→ HOW TO COMPLETE THIS TASK
Retype the listing exactly as it stands, and keep every image out.

→ SUPPLIED MATERIAL
>>>
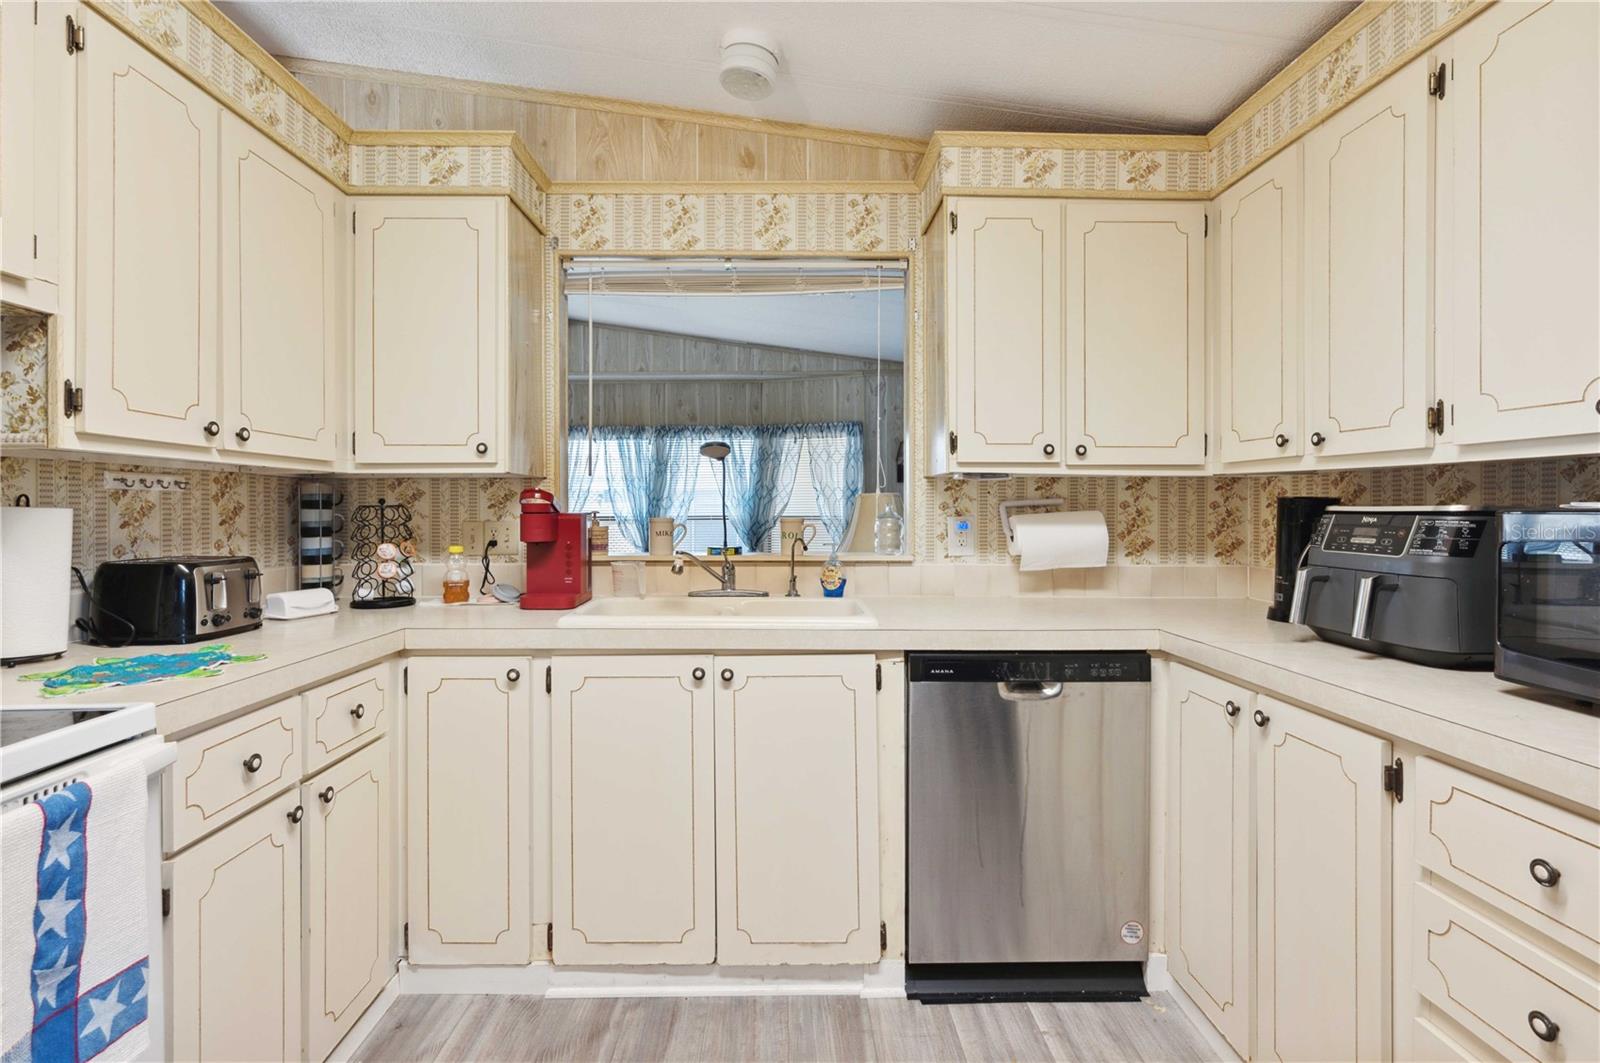 This kitchen offers dishwasher, range, newer refrigerator, and ample storage.
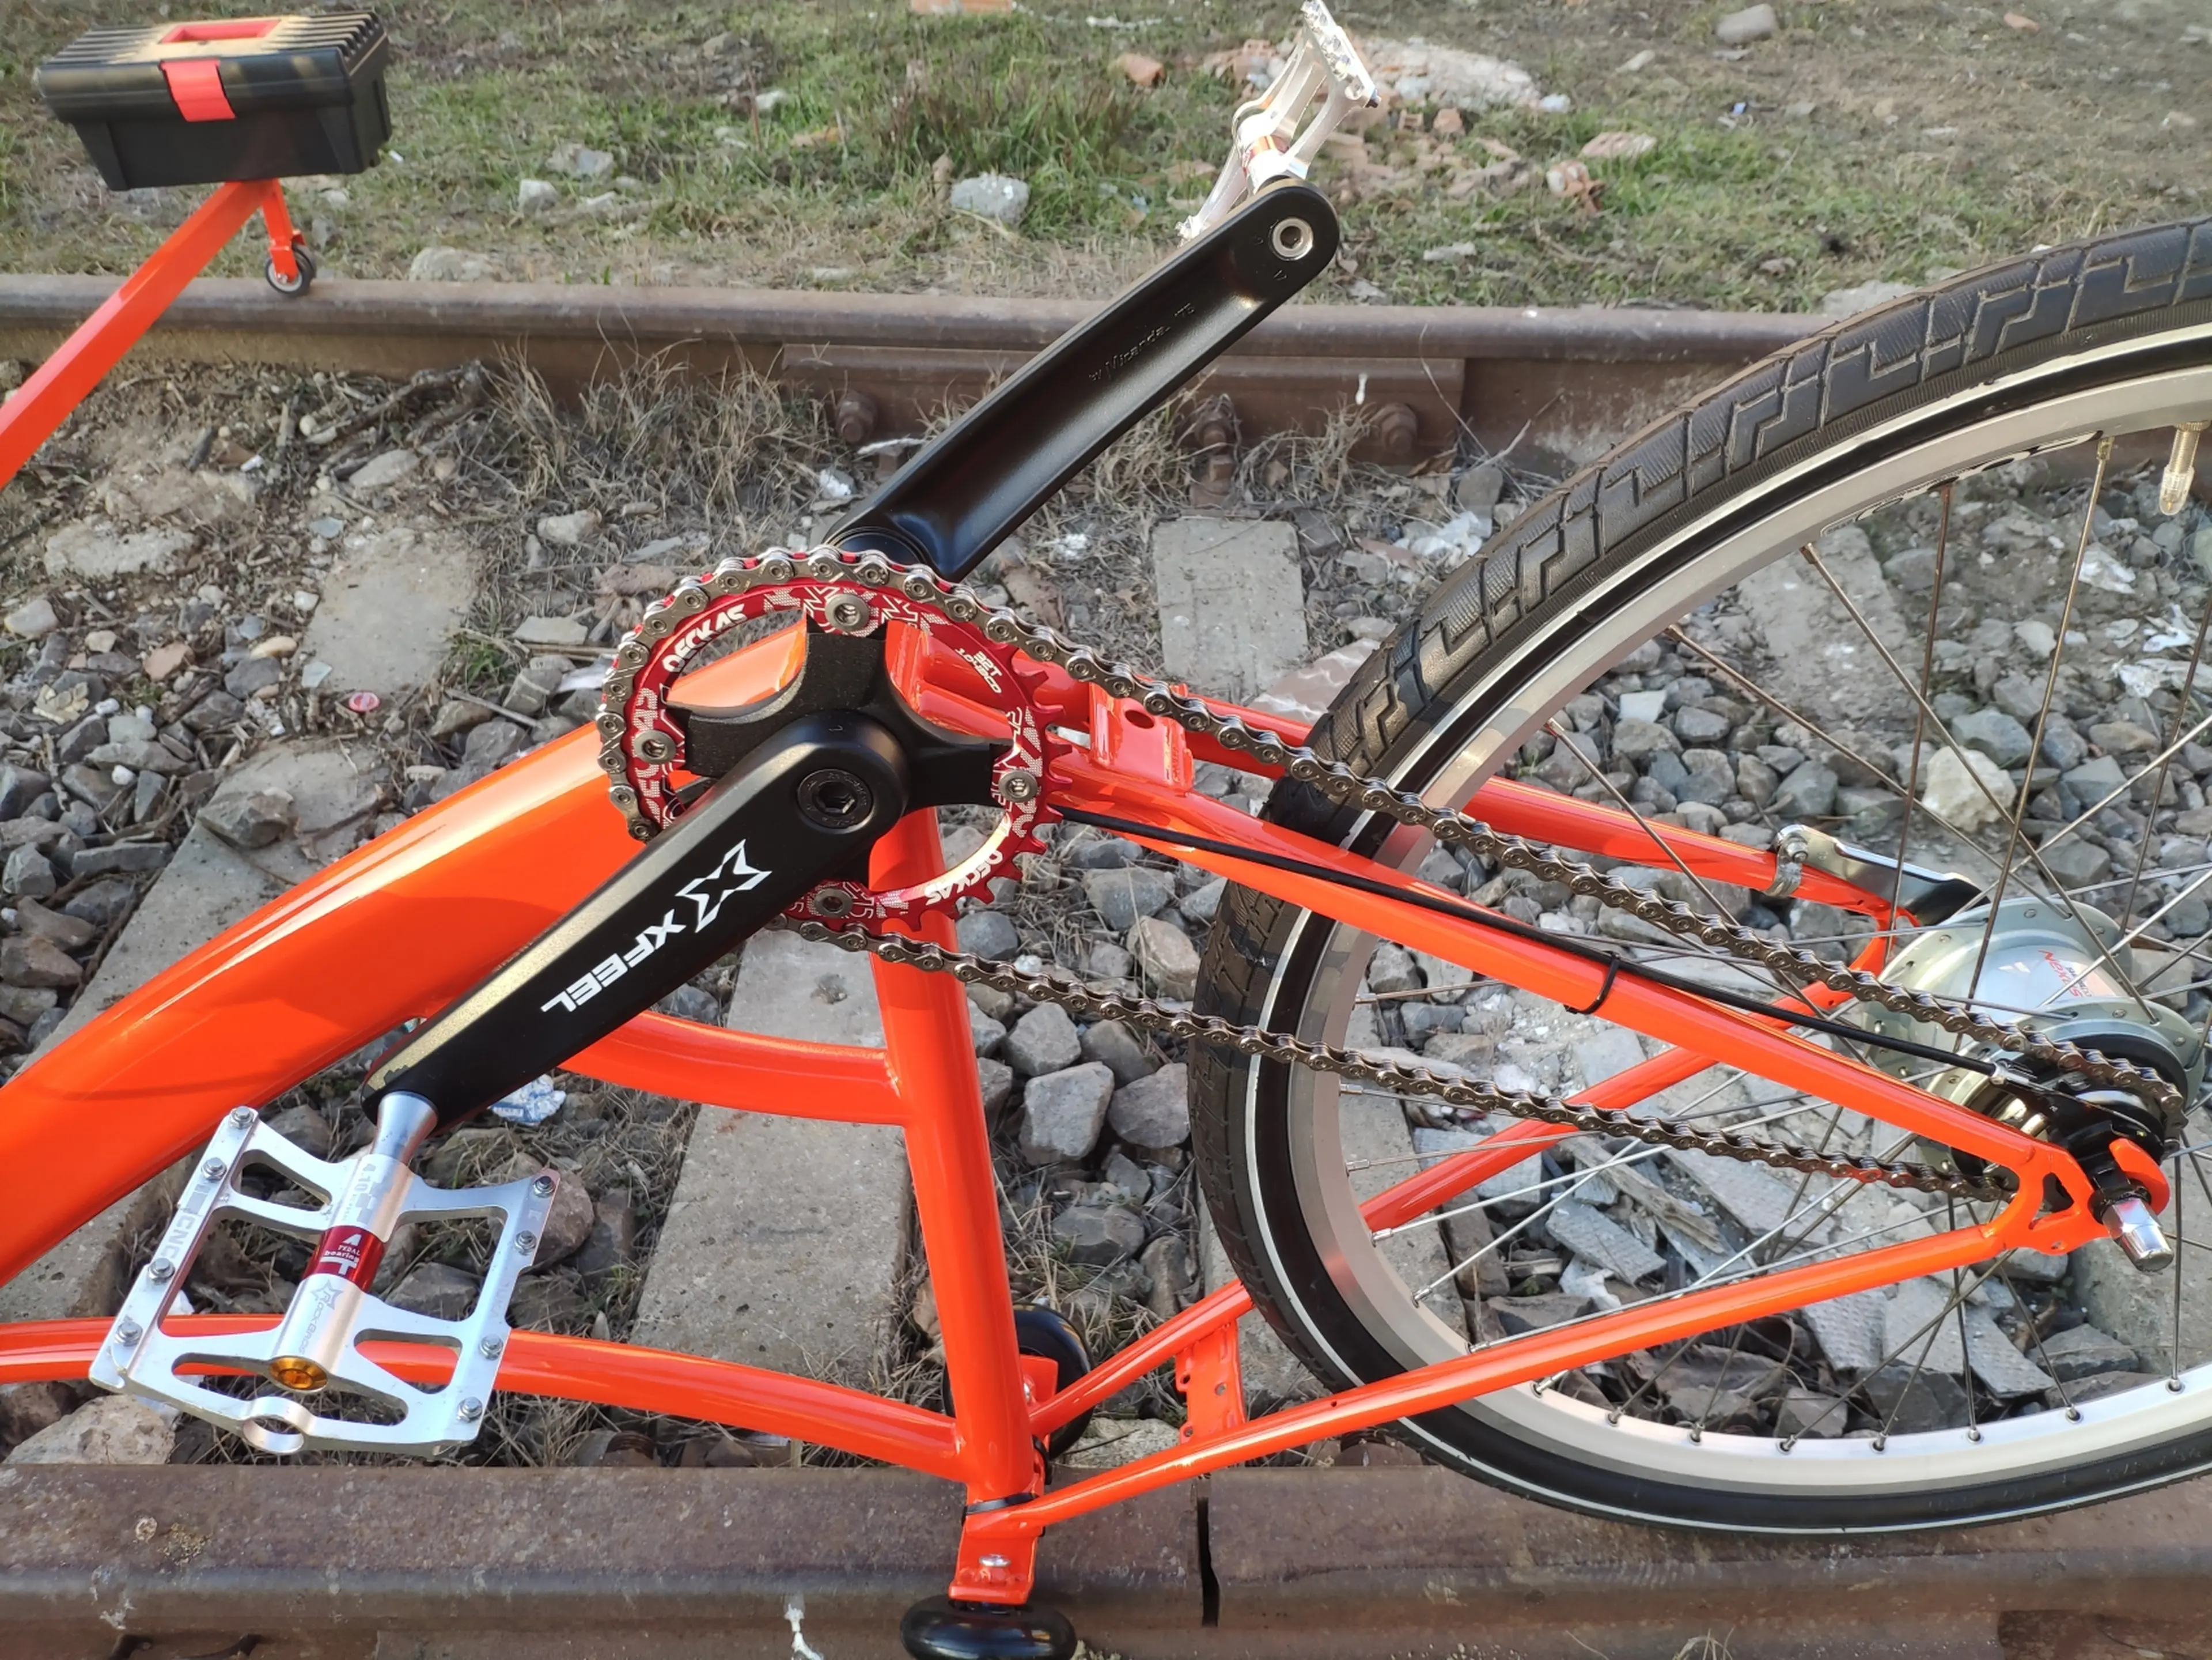 8. Railbike handcrafted
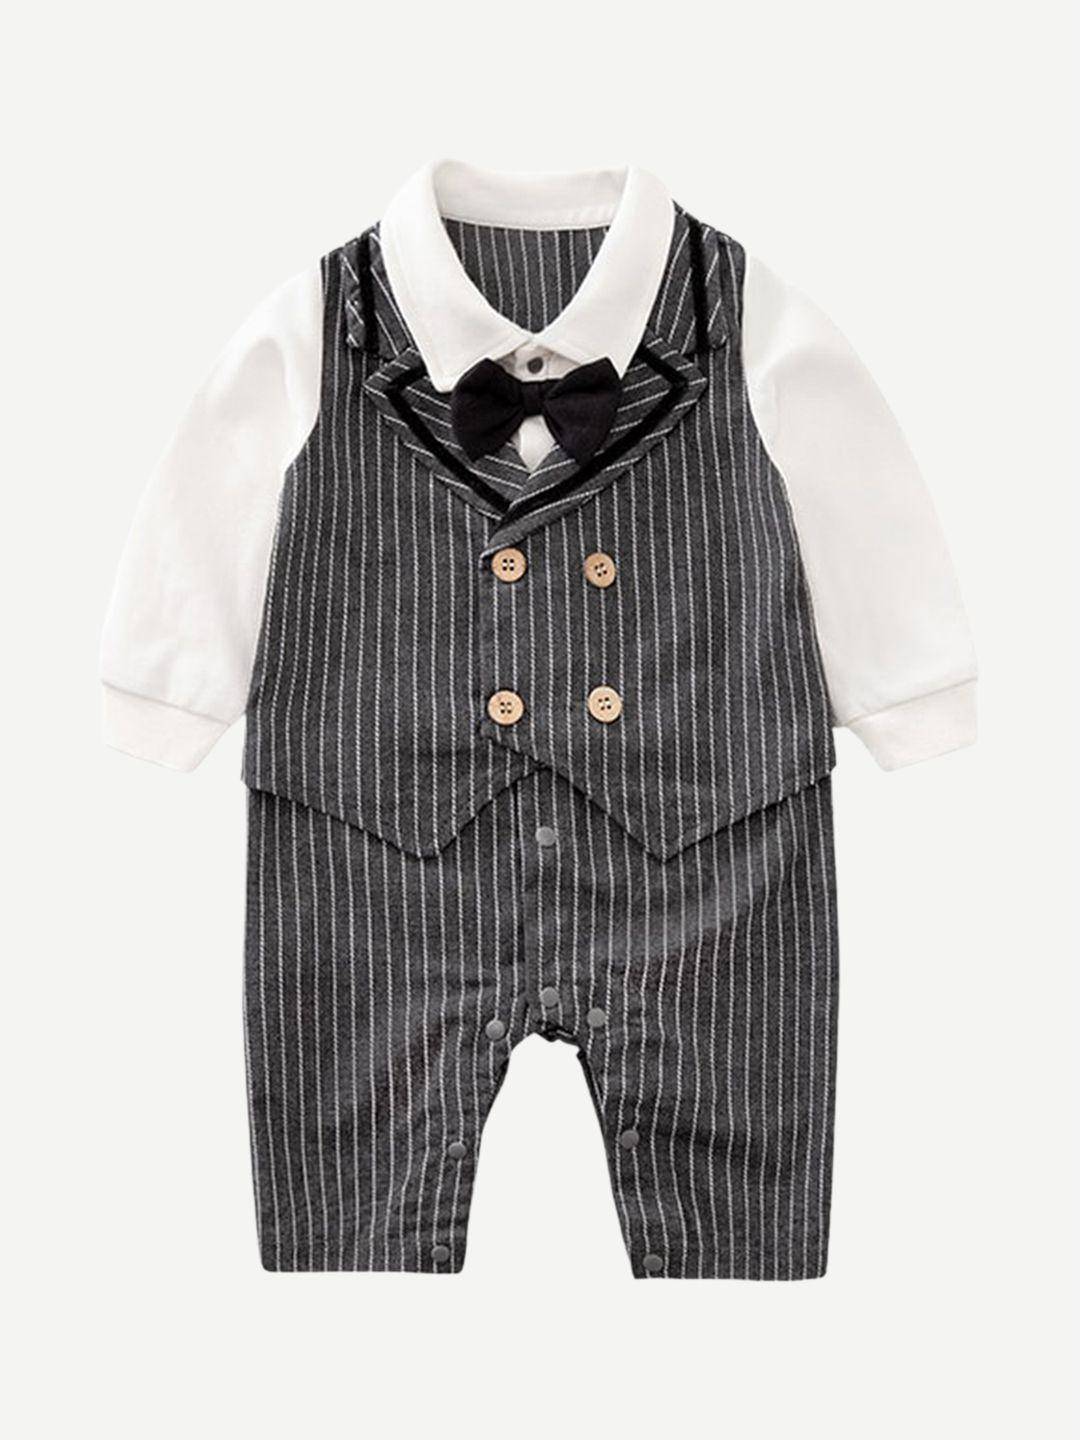 stylecast-infant-boys-black-stripes-cotton-rompers
<<<
→ EXERCISE ANSWER
 This kitchen offers dishwasher, range, newer refrigerator, and ample storage.
 8. Railbike handcrafted
 stylecast-infant-boys-black-stripes-cotton-rompers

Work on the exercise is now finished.